I've made a few knob sticks, but I really don't think they'd be good for support, more for balance while walking (especially outdoors). A good handle (like a Derby or Fritz) allows you to keep your wrist straighter while your fingers wrap around the handle. A knob stick would mean either draping your fingers down over the knob while the knob itself is in your palm, or grabbing it below the knob which puts your wrist out of alignment.

I suppose it would depend on the shape of the knob to a certain extent. The second one would be better able, in my opinion, to offer support as opposed to balance.


----------



## Blackstaff

dww2 said:


> I've made a few knob sticks, but I really don't think they'd be good for support, more for balance while walking (especially outdoors).

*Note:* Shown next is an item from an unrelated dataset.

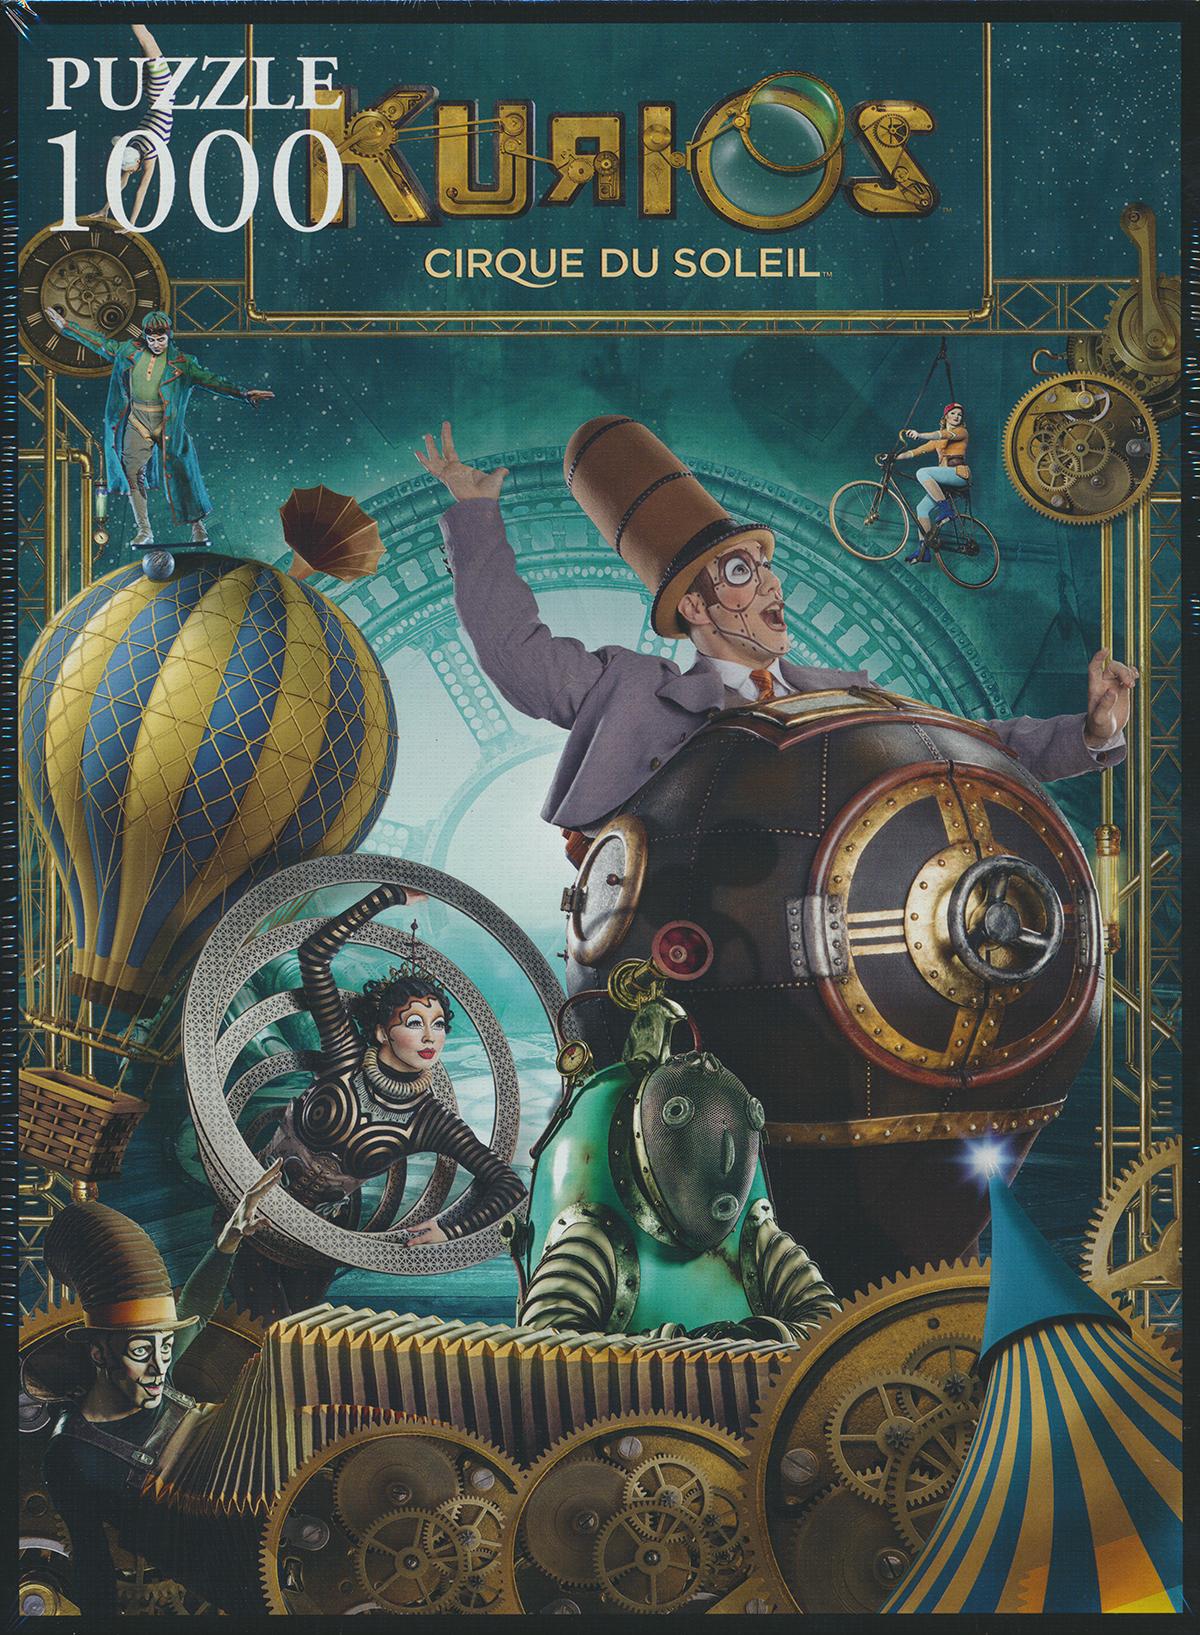 Trefl Jigsaw Puzzle 1000 Pieces kurios, cirque de soleil circus puzzel kurios-cirque-soleil
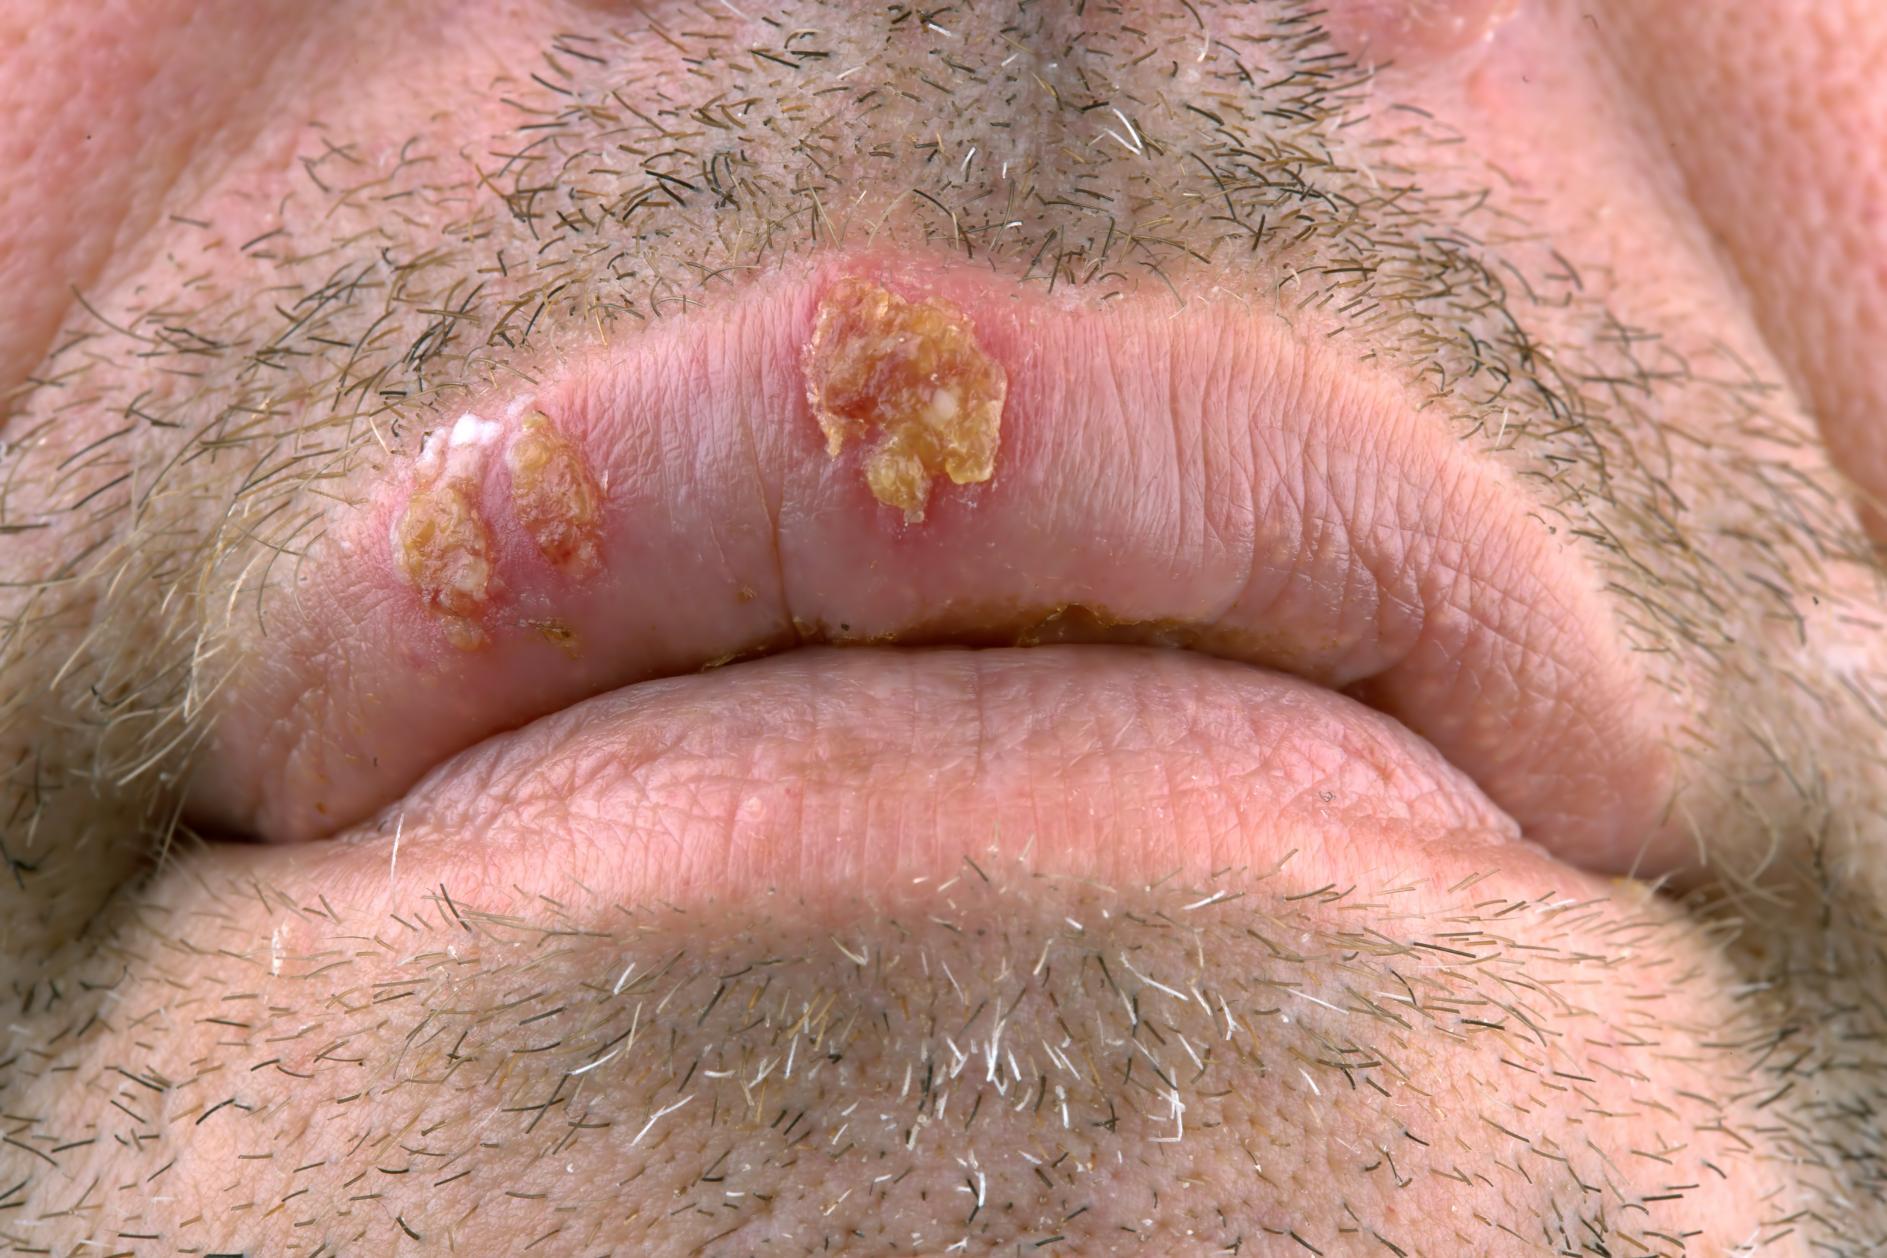 herpes labial, virus, contagio, labio, vhs,. Mediquo, tu amigo médico. Chat médico.

A good handle (like a Derby or Fritz) allows you to keep your wrist straighter while your fingers wrap around the handle. A knob stick would mean either draping your fingers down over the knob while the knob itself is in your palm, or grabbing it below the knob which puts your wrist out of alignment.
> 
> I suppose it would depend on the shape of the knob to a certain extent. The second one would be better able, in my opinion, to offer support as opposed to balance.


Thanks for sharing your photos and for the advice about support vs. balance, I think you are spot on sir.


----------



## reidplum

To get some idea of two or three piece sticks, go on the web and find Brazos Walking Sticks. They are a larger company, but still offer hand made wooden sticks. They can make any style that they have with one or two joints. Call them for info.

Reid


----------